MATERIAL FOR THIS TASK:
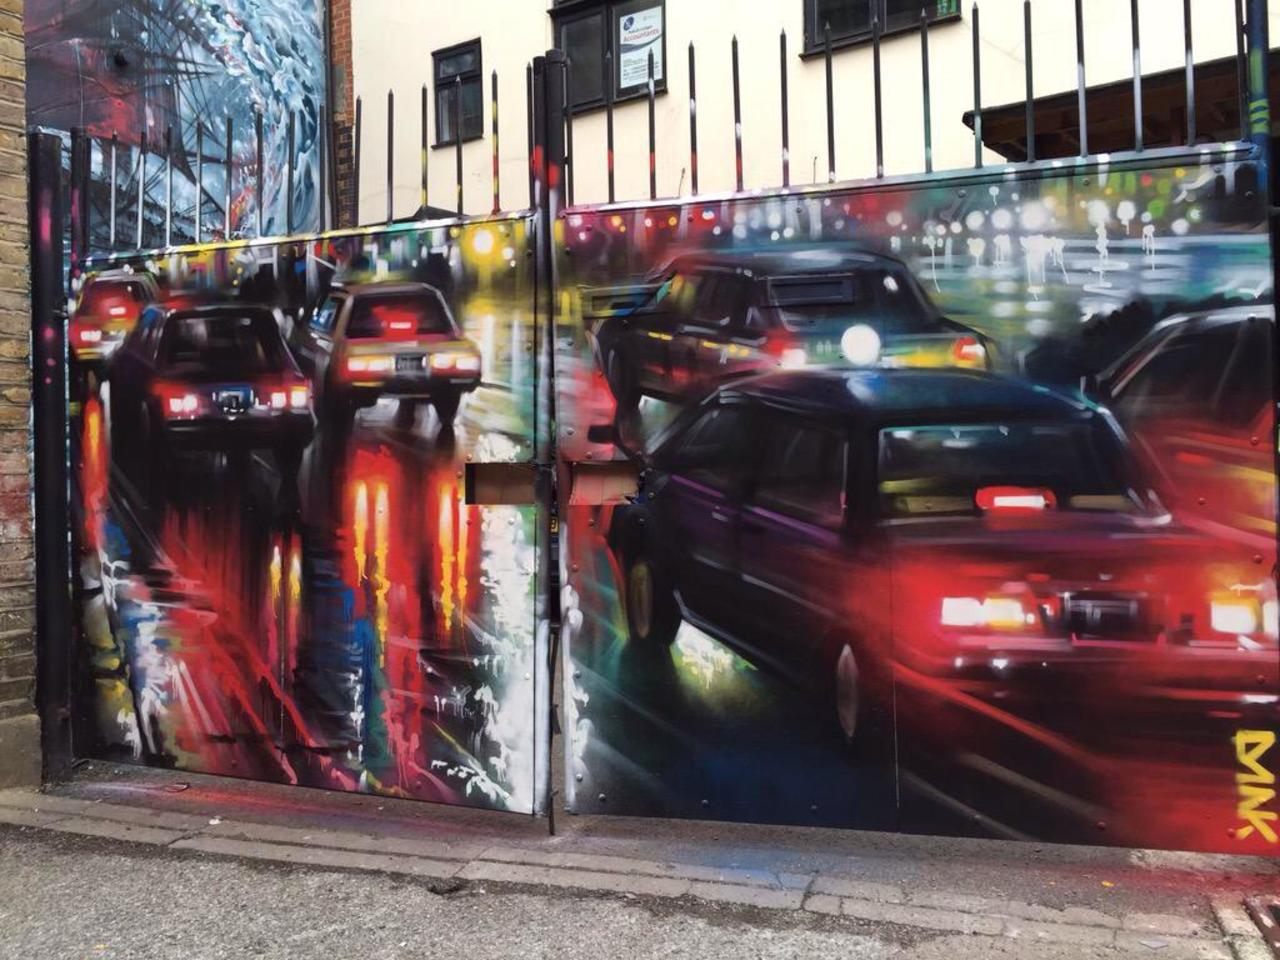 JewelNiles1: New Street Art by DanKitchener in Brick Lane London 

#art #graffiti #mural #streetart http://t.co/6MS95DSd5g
--
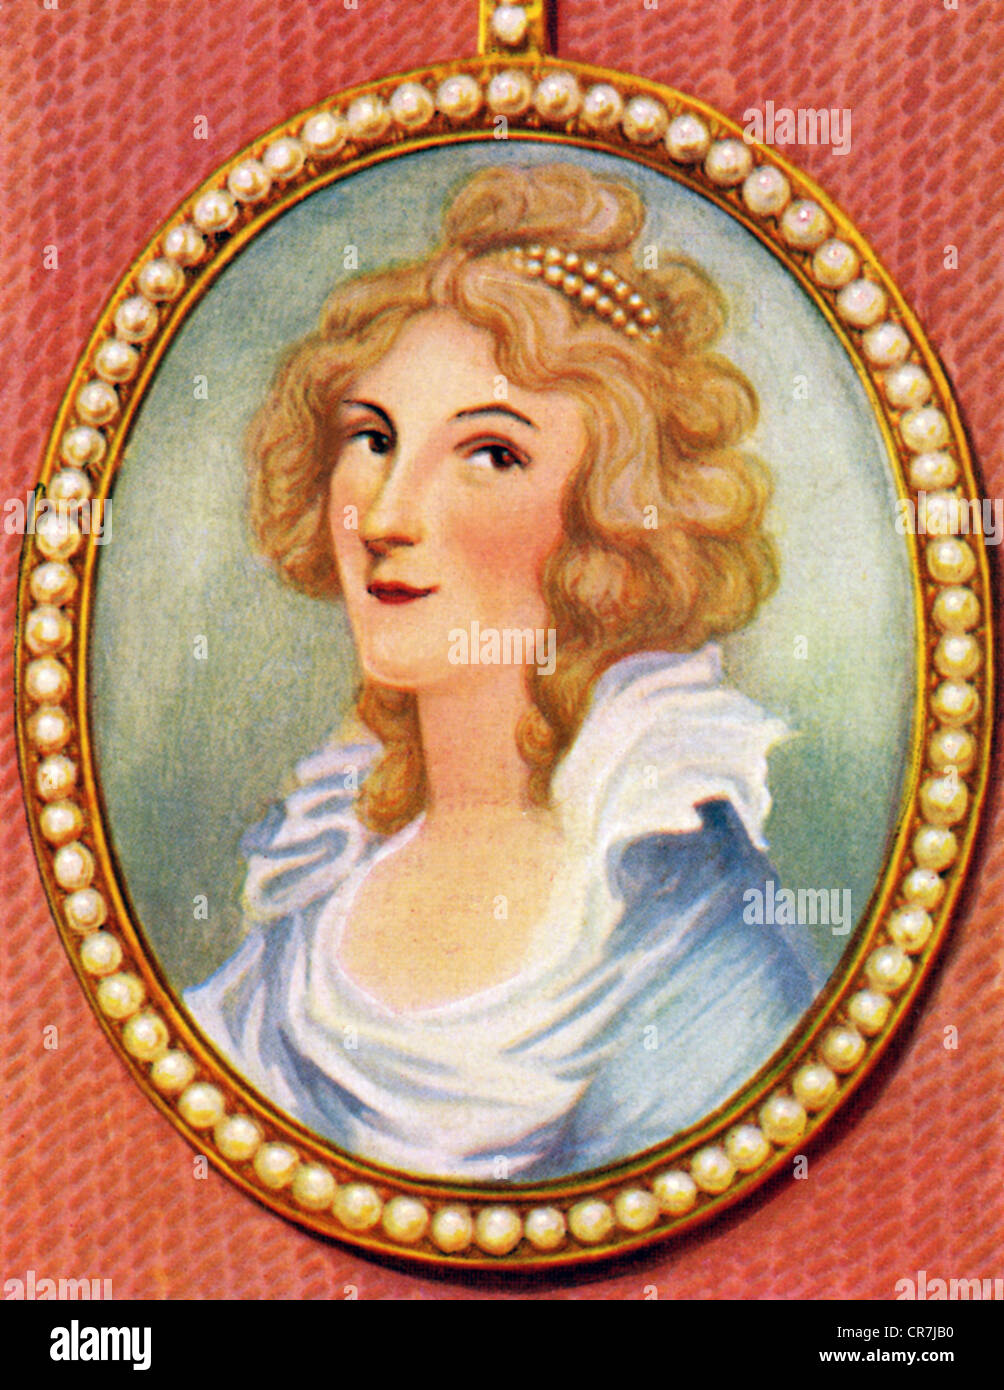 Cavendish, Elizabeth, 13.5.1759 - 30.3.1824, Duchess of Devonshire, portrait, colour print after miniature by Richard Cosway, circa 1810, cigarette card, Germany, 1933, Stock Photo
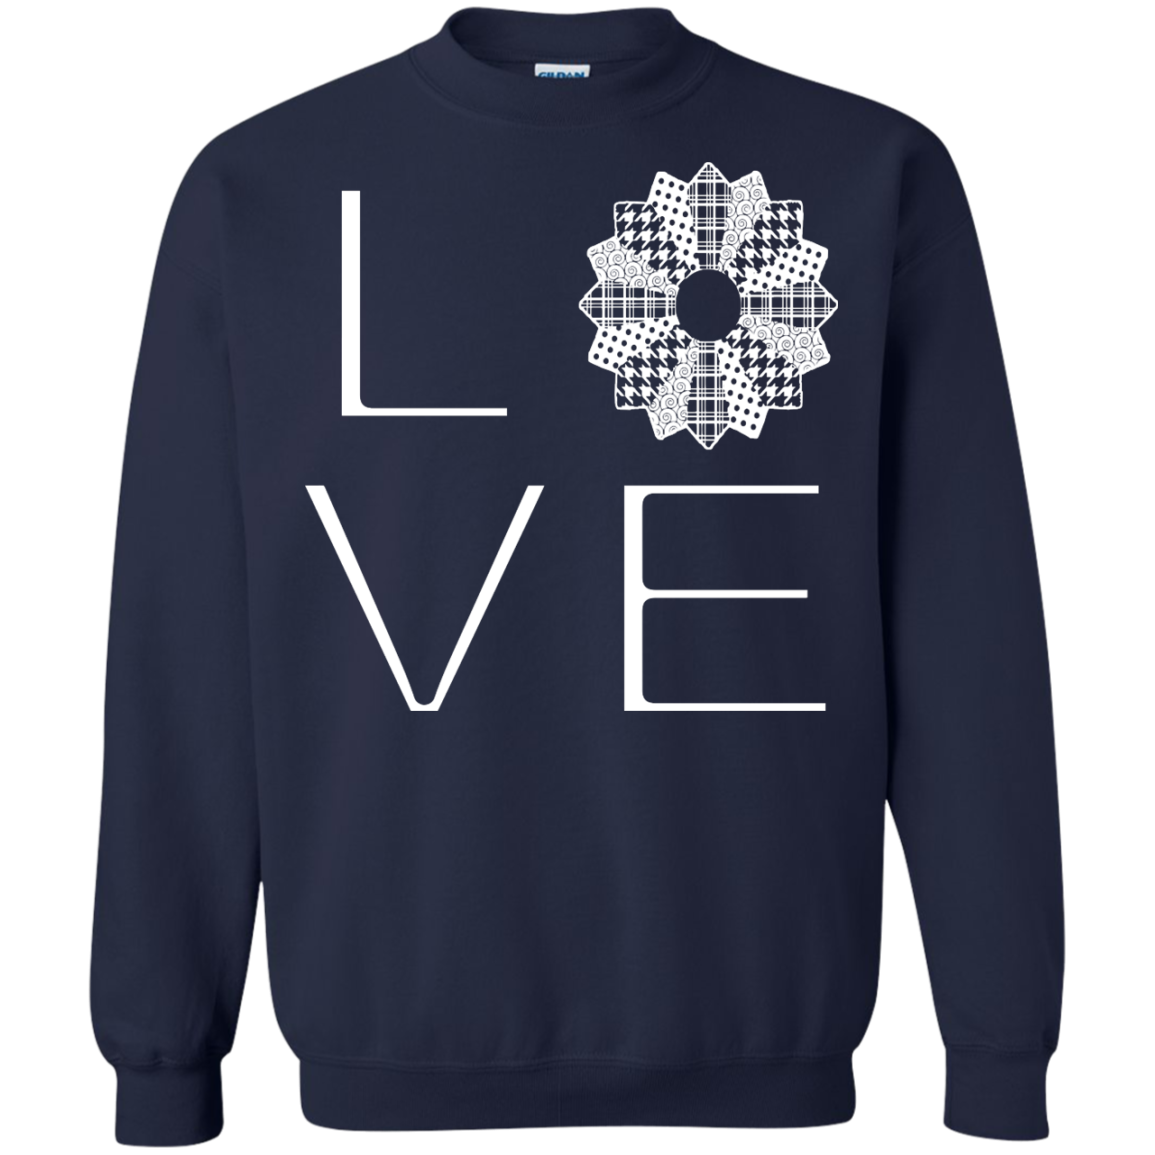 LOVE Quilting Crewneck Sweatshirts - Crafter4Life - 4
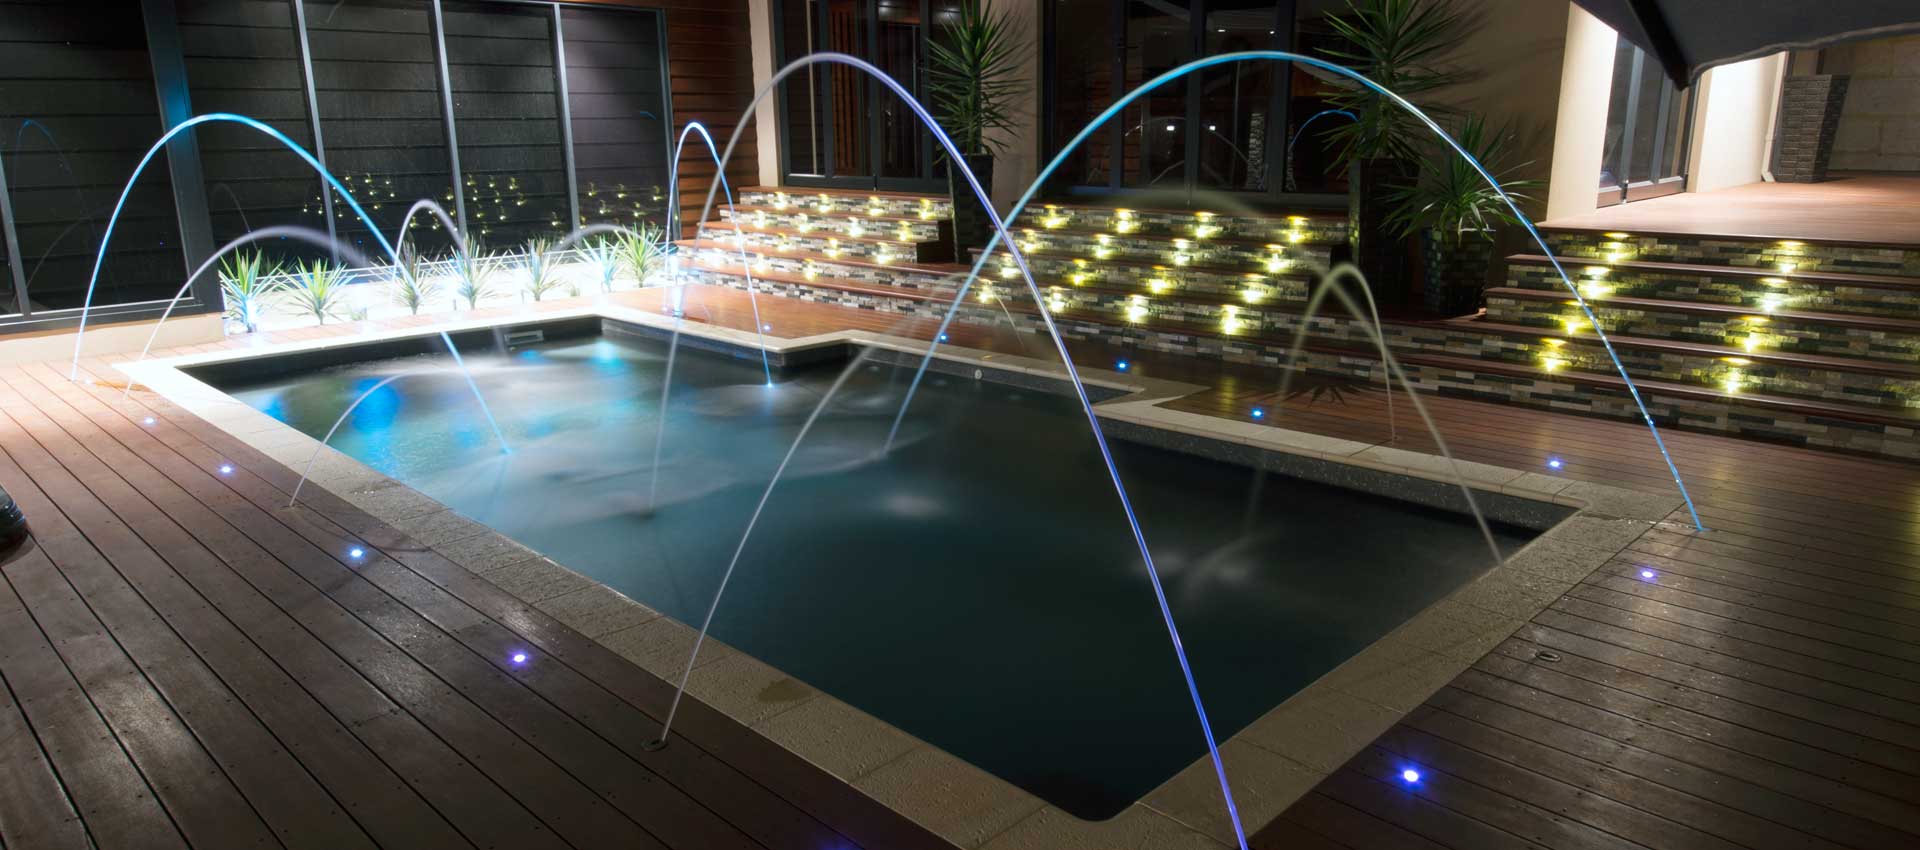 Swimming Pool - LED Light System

EXERCISE AIM: In the listing above, find the line containing "Cavendish, Elizabeth, 13.5.1759" and the line containing "Swimming Pool - LED Light System", then write out both of them and every line between, exactly, with no pictures.

SOLUTION FOR THIS TASK:
 Cavendish, Elizabeth, 13.5.1759 - 30.3.1824, Duchess of Devonshire, portrait, colour print after miniature by Richard Cosway, circa 1810, cigarette card, Germany, 1933, Stock Photo
 LOVE Quilting Crewneck Sweatshirts - Crafter4Life - 4
 Swimming Pool - LED Light System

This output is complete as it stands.